Distributions of point charges Problem
$N$ point charges are distributed in the unit ball in $\mathbb{R}^k$, $k=2,3$. Given locations of the particles $x_1,\ldots,x_N$ the potential energy is
$E=\sum_{j=1}^{N-1}\sum_{k=j+1}^N |x_j-x_k|^{-1}$
where $|x_j-x_k|$ is Euclidean distance between $x_j$ and $x_k$. I'm interested in both the minimal value of $E$ over all possible locations of the particles in the unit ball and what this configuration looks like. 
On the Unit Interval
For $k=1$ the $N$ charges are distributed on the interval $[-1,1]$ according to the roots of the $N+1$th Chebshev polynomial. See: http://en.wikipedia.org/wiki/Chebyshev_polynomials#Roots_and_extrema
 A: The canonical thing to do for a question like this is to look at Neal Sloane's home page.
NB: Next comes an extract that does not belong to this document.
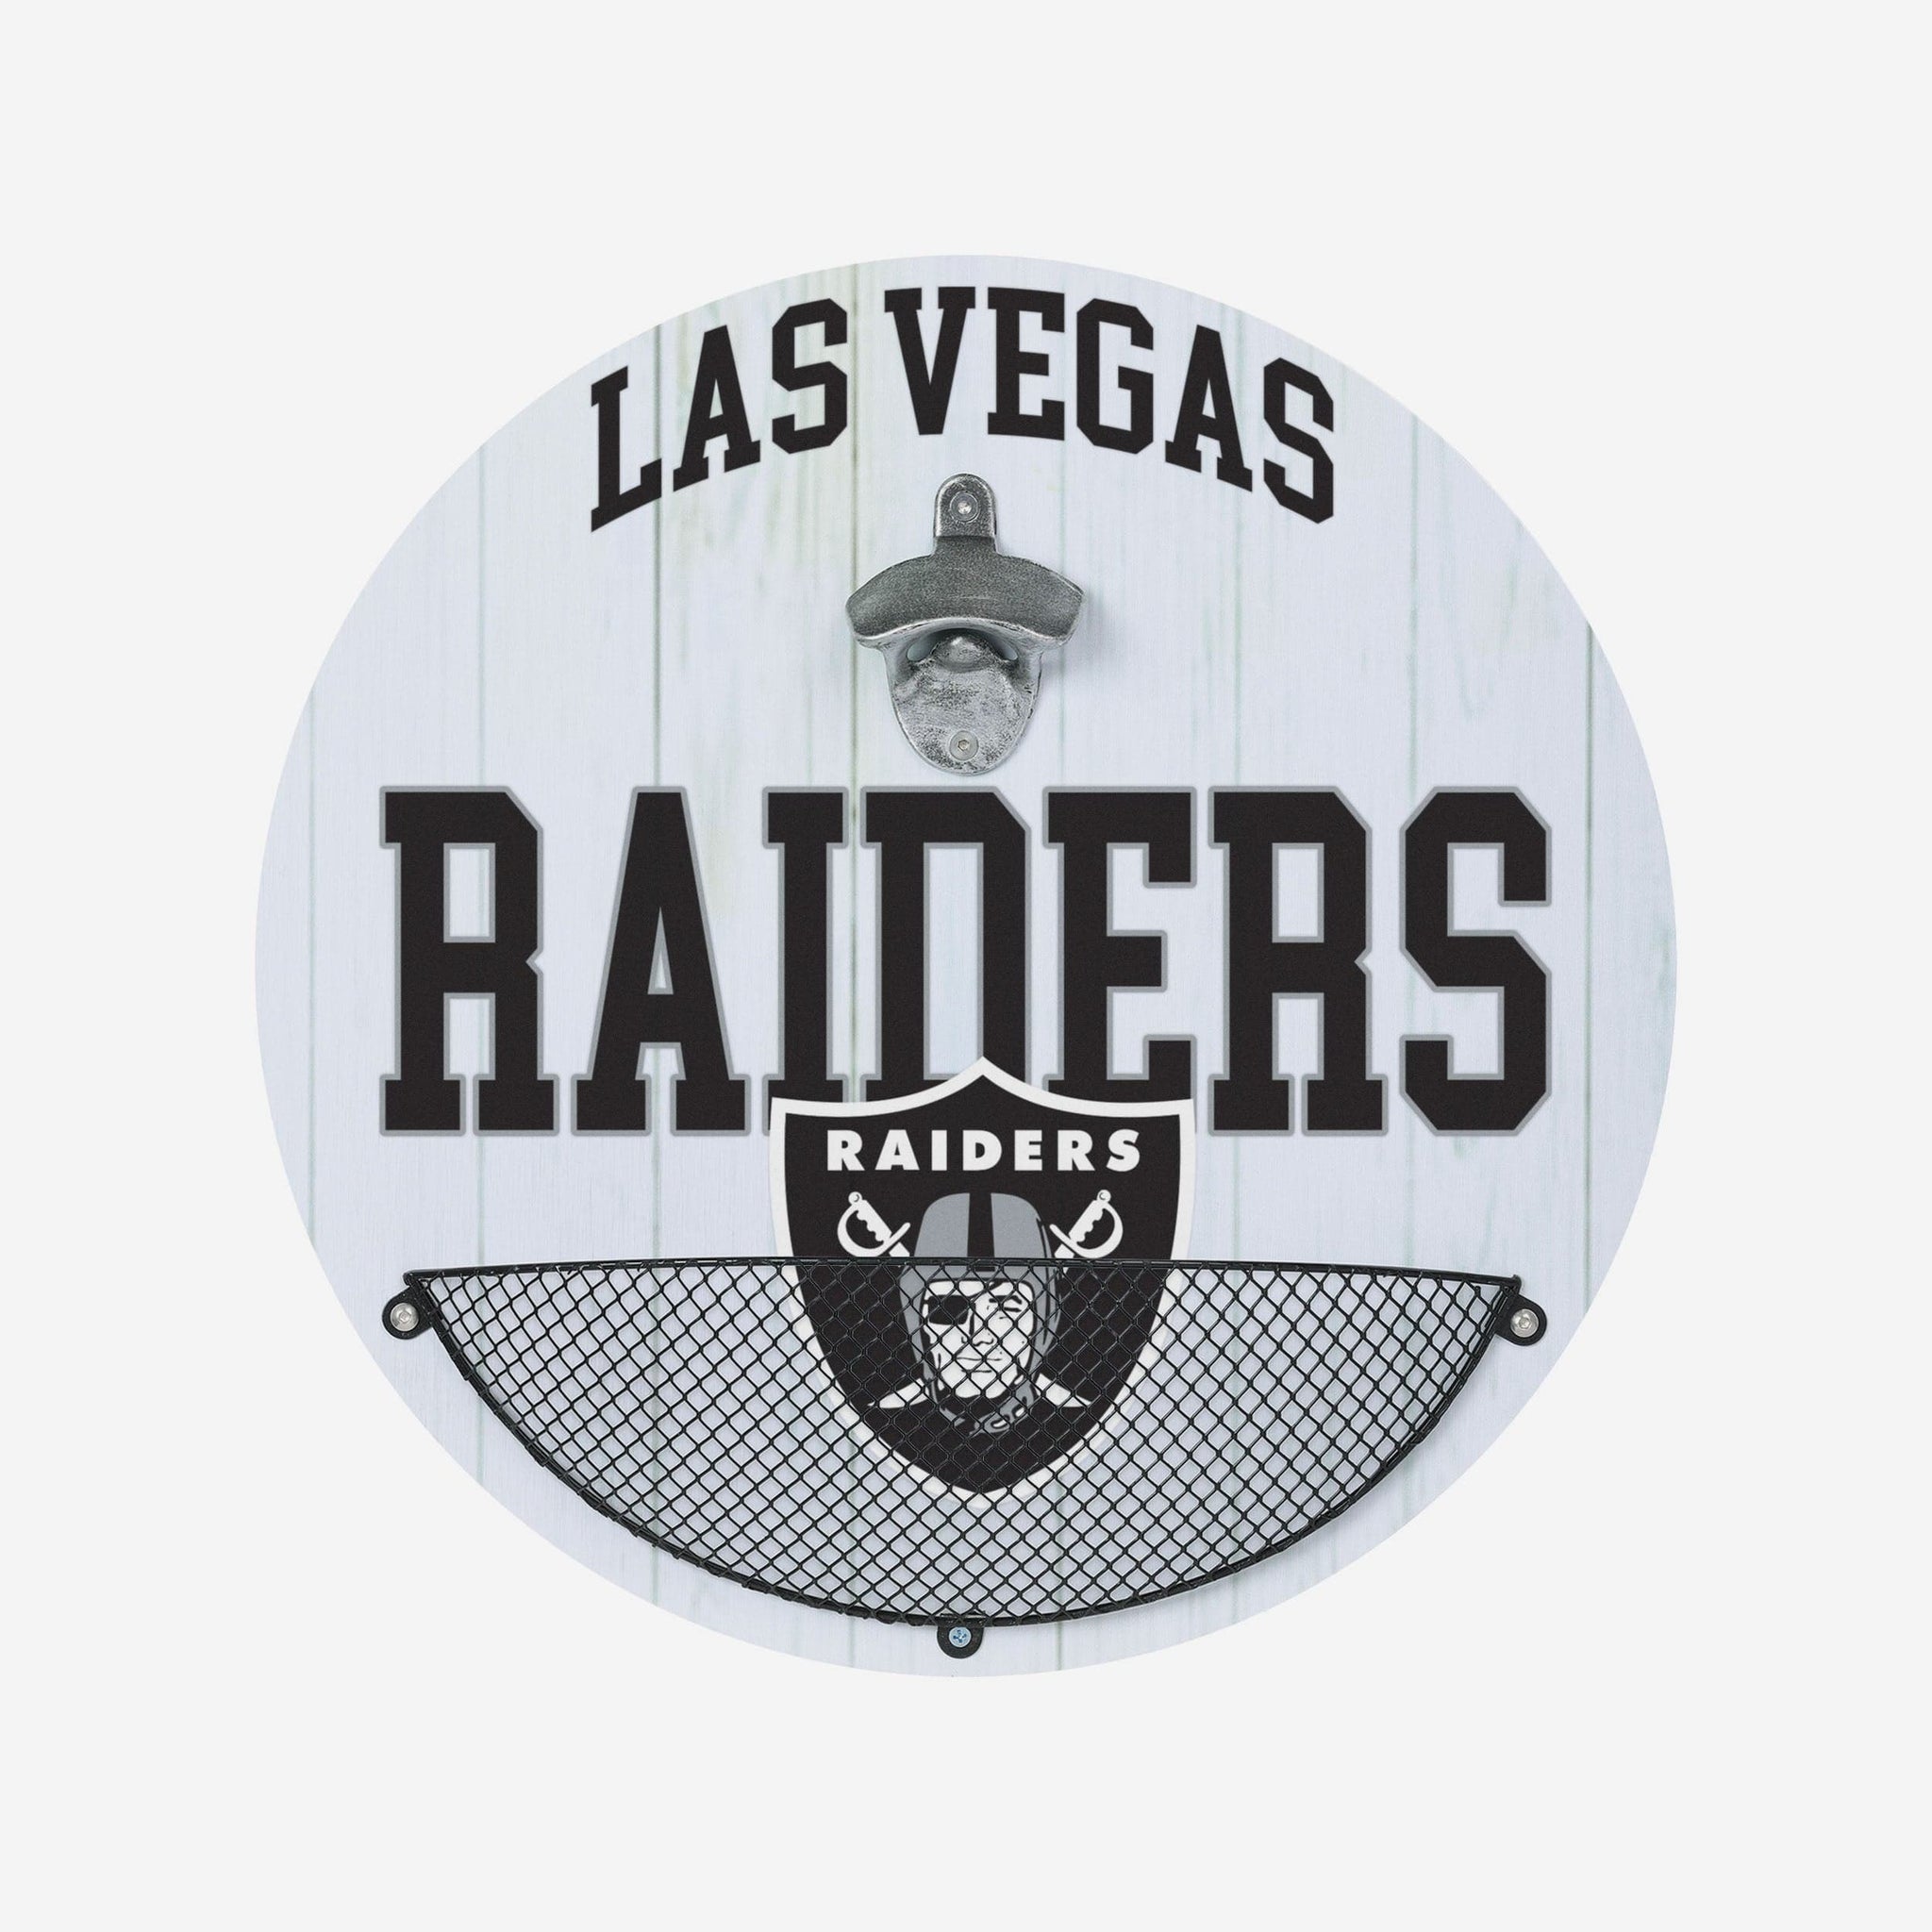 Las Vegas Raiders Gift Basket - Limited Quantities

Sure enough, there is a table giving some good arrangements.
http://neilsloane.com/electrons/index.html
This was indeed one of the links on the page in wok's answer, but it may be the most complete resource.
A: You can look at one particular configuration at
"Animated (Java) Illustrations {of} 24 Electrons on a Sphere"
and a few more at
"Min-Energy Configurations of Electrons On A Sphere".
A: The most comprehensive webpage I have found is about evenly distributing N points on a sphere. To be more general, this is known as the seventh of Stephen Smale's problems: the "optimal" distribution of points on the 2-sphere. It is still unsolved.
A: This problem seems related to evenly distributing points across the surface of a sphere (specifically, that is very similar to your k=2 case). That problem is addressed in a programming competition challenge named PSPHERE at SPOJ. The solutions there are not public, but perhaps approaching the leading contestants on that particular challenge could prove helpful.